Python, Pydantic & OS Version

/usr/src/app# python -c "import pydantic.version; print(pydantic.version.version_info())"
             pydantic version: 2.2.1
        pydantic-core version: 2.6.1
          pydantic-core build: profile=release pgo=true
                 install path: /usr/local/lib/python3.11/site-packages/pydantic
               python version: 3.11.3 (main, May 23 2023, 13:34:03) [GCC 10.2.1 20210110]
                     platform: Linux-5.15.49-linuxkit-x86_64-with-glibc2.31
     optional deps. installed: ['email-validator', 'typing-extensions']
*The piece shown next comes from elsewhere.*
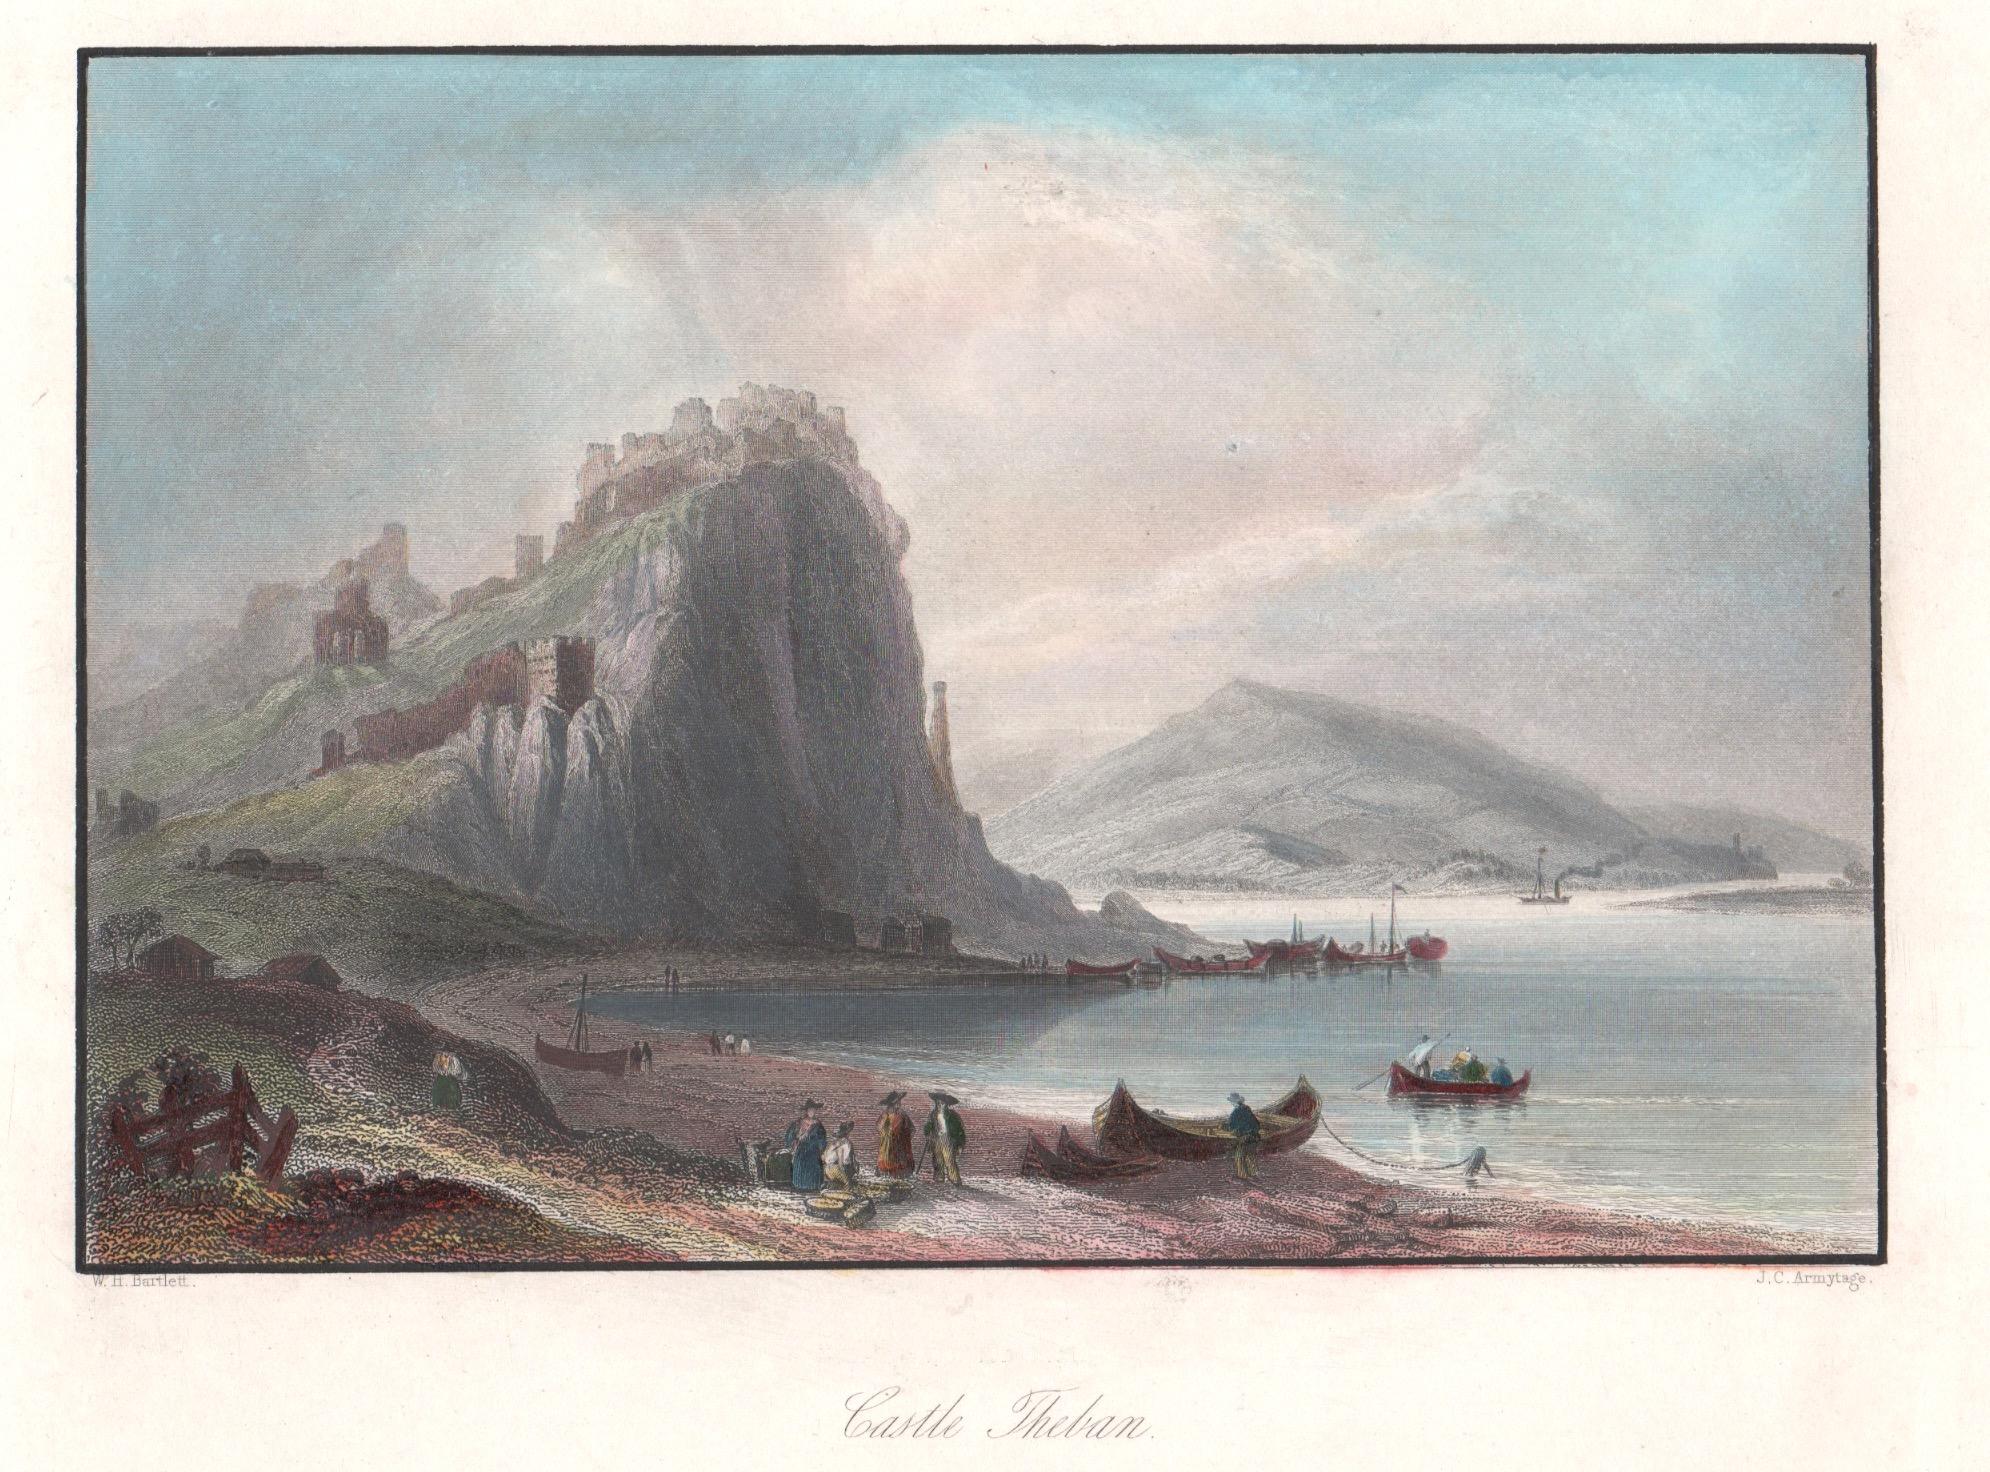 Armytage J. C. Castle Theban. / Chateau de Theben.

Selected Assignee: @dmontagu

samuelcolvin commented 11 months ago

Thanks for reporting this.

The most likely explanation for this is that pydantic v2 is using more memory than v1, and when you exceed the memory available seg faults occur.

Maybe try running checking the memory output right before the segfault, or running fewer workers and see if the seg faults stop.
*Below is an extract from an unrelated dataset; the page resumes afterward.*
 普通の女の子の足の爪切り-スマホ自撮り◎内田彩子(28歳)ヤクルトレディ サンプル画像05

I don't know of any other reason why pydantic V2 should segfault, if you can give us more detail, we'll investigate immediately.

StasEvseev commented 11 months ago

Hey @samuelcolvin ! Thanks for a quick reply.

We run one experiment on prod to collect more info about segmentaion faults. We enabled faulthandler to provide output whenever segfault occurs it output the threads and their traceback.

We captured 3 cases, two of them segfault occured when current threads were holding GIL and run GarbageCollection cycle and one just holding the GIL.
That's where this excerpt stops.